To query the scanning law, run query method with (ra, dec) in degrees as arguments. You get a tuple of numpy arrays containing times that the position was scanned by the preceding and following FoVs.

cc = utils.get_healpix_centers(0)
ra_deg, dec_deg = cc.ra[0].deg, cc.dec[0].deg
t1, t2 = sl.query(ra_deg, dec_deg)
fig, ax = plt.subplots(figsize=(8,3))
ax.plot(t1, [0]*len(t1), '|', ms=20, mew=1.5)
ax.plot(t2, [1]*len(t2), '|', ms=20, mew=1.5)
ax.set(xlabel='Times, TCB [days]', ylim=(-0.5,1.5))
ax.set_yticks([0,1], ['Preceding','Following']);
../_images/7e5336b32e31d5bff7d070f54f9a3e7f8f6002ec8a712a3fc50fe693dde8e168.png

If we are only interested in the total number of scans, we can use set count_only=True.

Below, we examine the map of the number of scan by repeatedly querying the centers of HEAL order 6.

def get_totaln(*args):
    return sum(sl.query(*args, count_only=True))
cc = utils.get_healpix_centers(6)
result = [get_totaln(*args) for args in zip(tqdm(cc.ra.deg), cc.dec.deg)]
100%|β–ˆβ–ˆβ–ˆβ–ˆβ–ˆβ–ˆβ–ˆβ–ˆβ–ˆβ–ˆβ–ˆβ–ˆβ–ˆβ–ˆβ–ˆβ–ˆβ–ˆβ–ˆβ–ˆβ–ˆβ–ˆβ–ˆβ–ˆβ–ˆβ–ˆβ–ˆβ–ˆβ–ˆβ–ˆβ–ˆβ–ˆβ–ˆβ–ˆβ–ˆβ–ˆβ–ˆβ–ˆβ–ˆβ–ˆβ–ˆβ–ˆβ–ˆβ–ˆβ–ˆβ–ˆβ–ˆβ–ˆβ–ˆβ–ˆβ–ˆβ–ˆβ–ˆβ–ˆβ–ˆβ–ˆβ–ˆβ–ˆβ–ˆβ–ˆβ–ˆβ–ˆβ–ˆβ–ˆβ–ˆβ–ˆβ–ˆβ–ˆβ–ˆβ–ˆβ–ˆβ–ˆβ–ˆβ–ˆβ–ˆβ–ˆβ–ˆβ–ˆβ–ˆβ–ˆβ–ˆβ–ˆβ–ˆβ–ˆβ–ˆβ–ˆβ–ˆβ–ˆβ–ˆβ–ˆβ–ˆβ–ˆβ–ˆβ–ˆβ–ˆβ–ˆβ–ˆβ–ˆβ–ˆβ–ˆβ–ˆβ–ˆ| 49152/49152 [01:13<00:00, 668.55it/s]
hp.mollview(np.array(result), coord='cg')
../_images/51d529c89b78cdb9d3b81ec18400a4a6fc80d54f65889003cfa6138ec6cff2ec.png

Versions available#

Currently, there are two different versions of the scanning law available:

  • dr3_nominal: The nominal scanning law provided by and available on the Gaia Archive. The actual attitude could deviate from this by up to about 30 arcseconds.

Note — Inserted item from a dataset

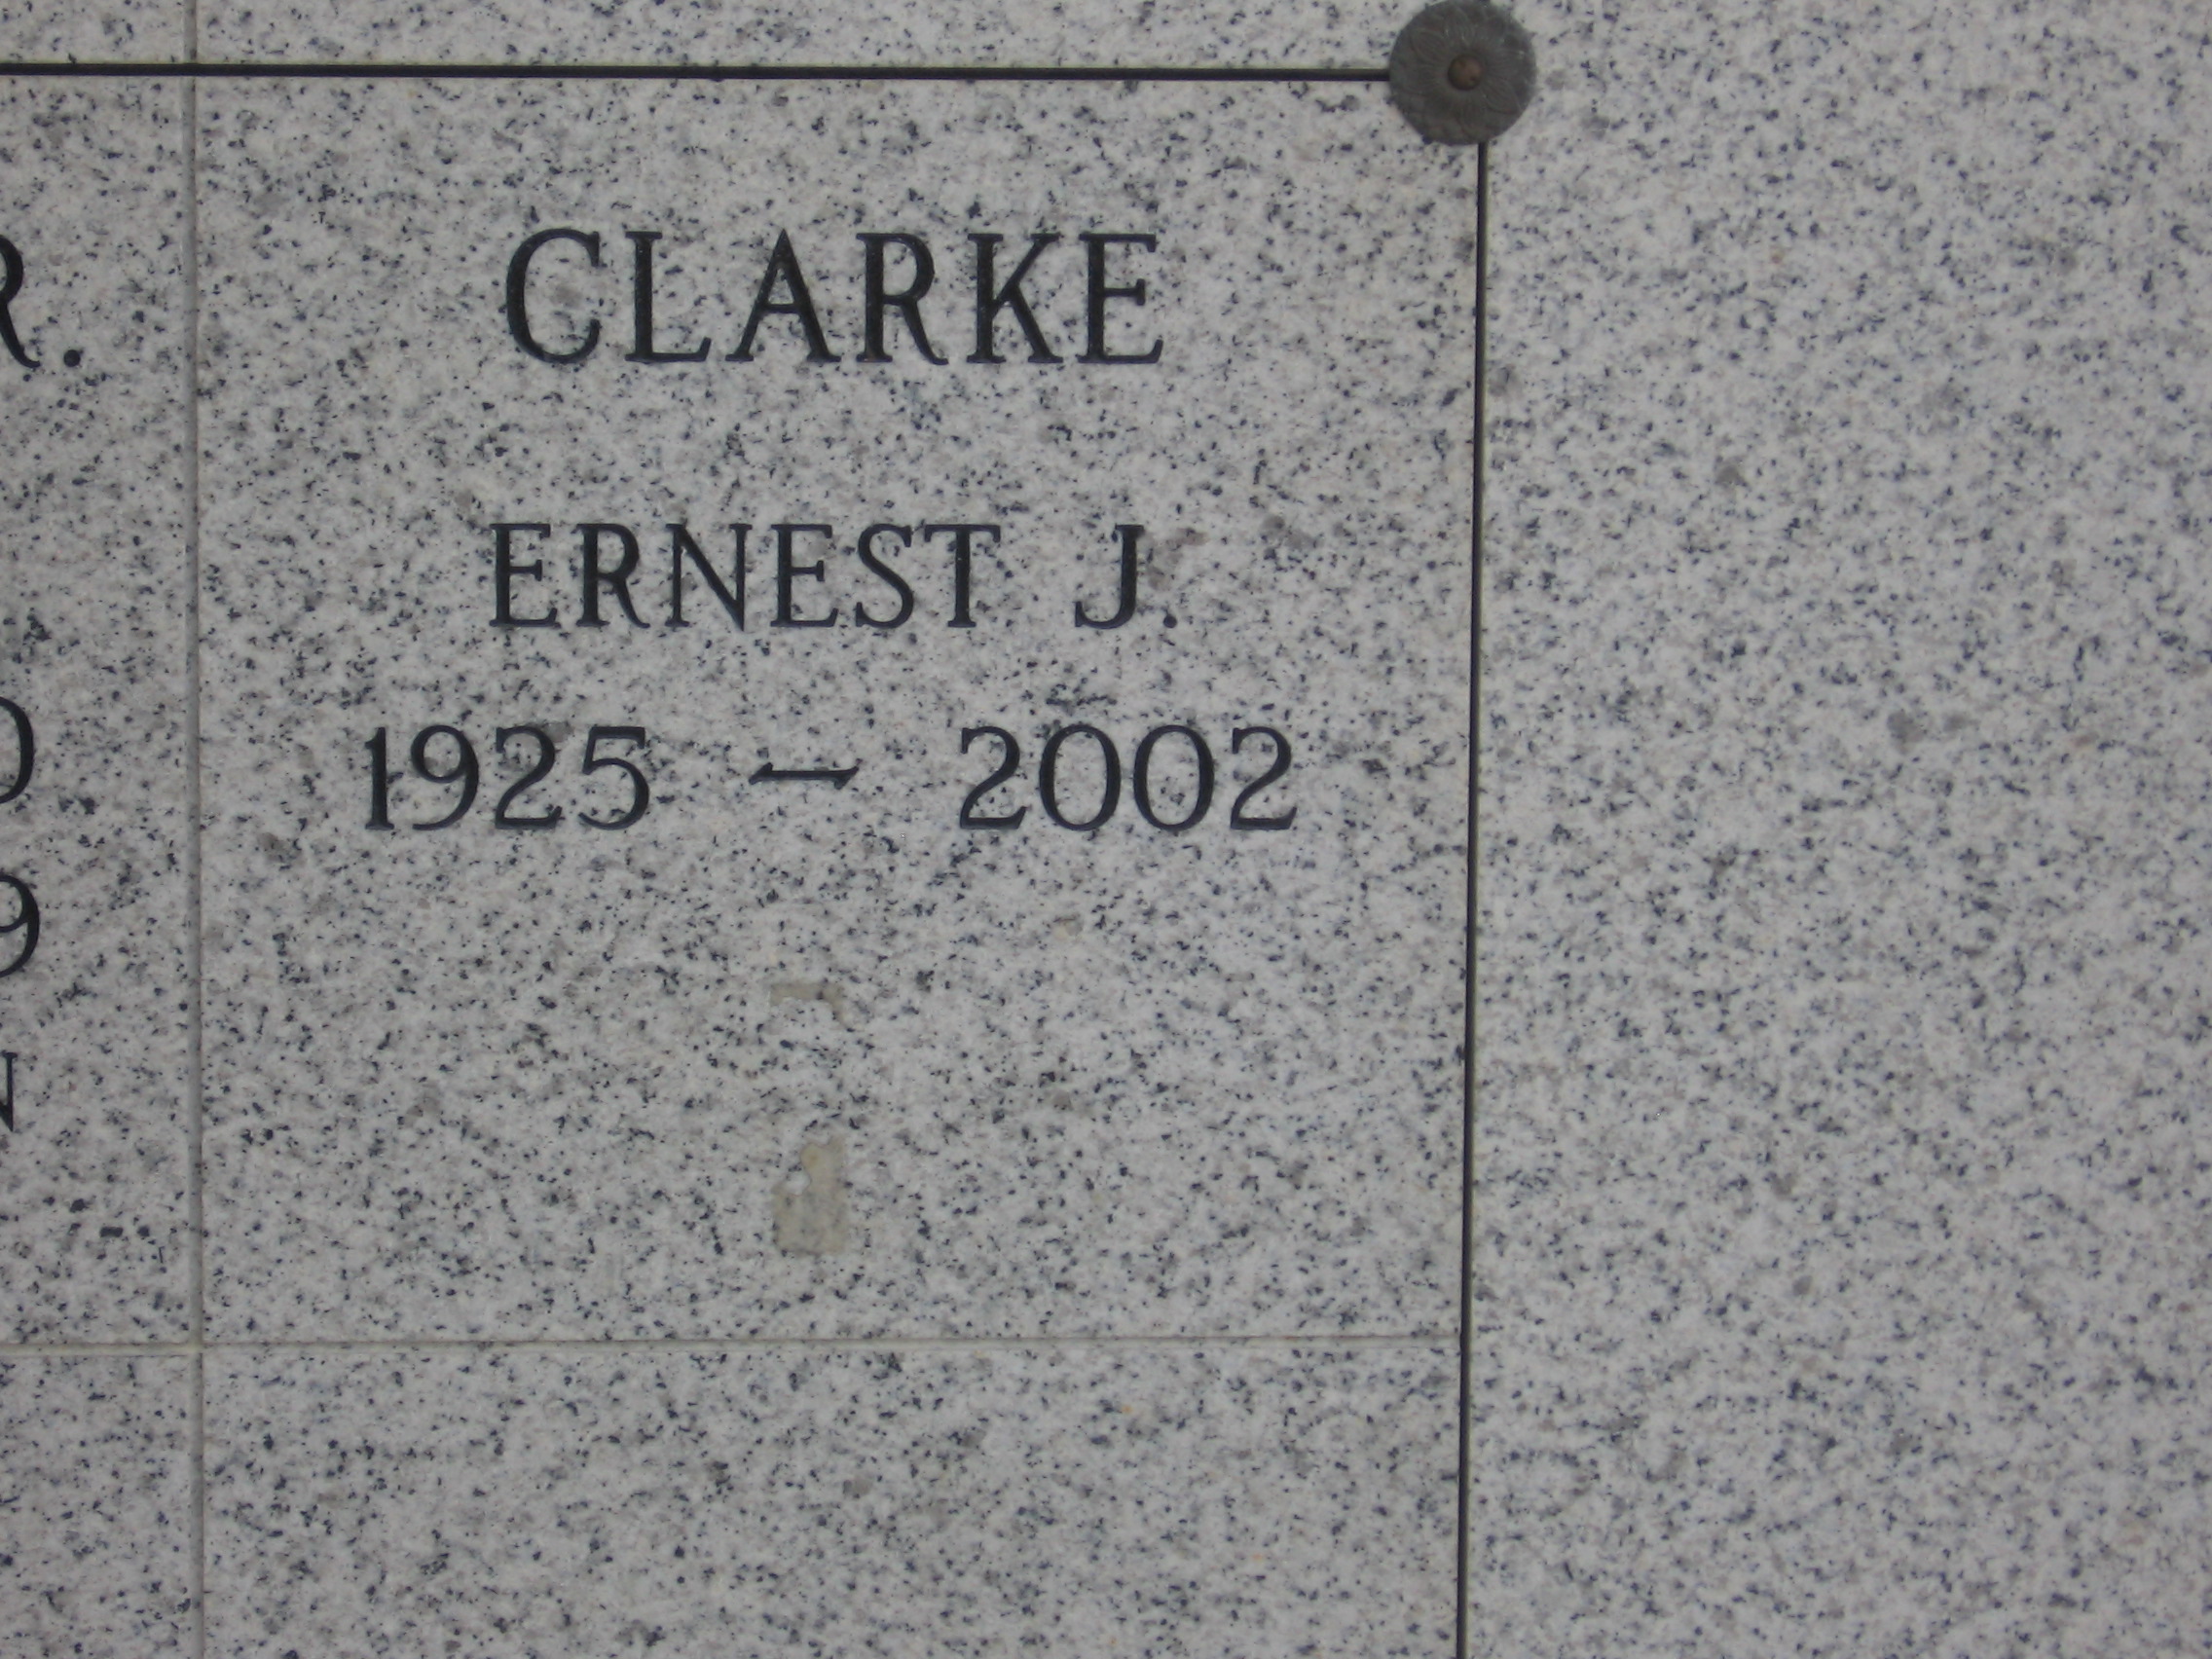 Ernest J Clarke

  • dr2_cog3: The improved scanning law covering DR2 period by Boubert et al. (2021). They use the transit-level data from DR2’s epoch photometry of variable stars to model the deviations from the nominal. Please refer to the linked publication for more details and cite this work if you make use of this data.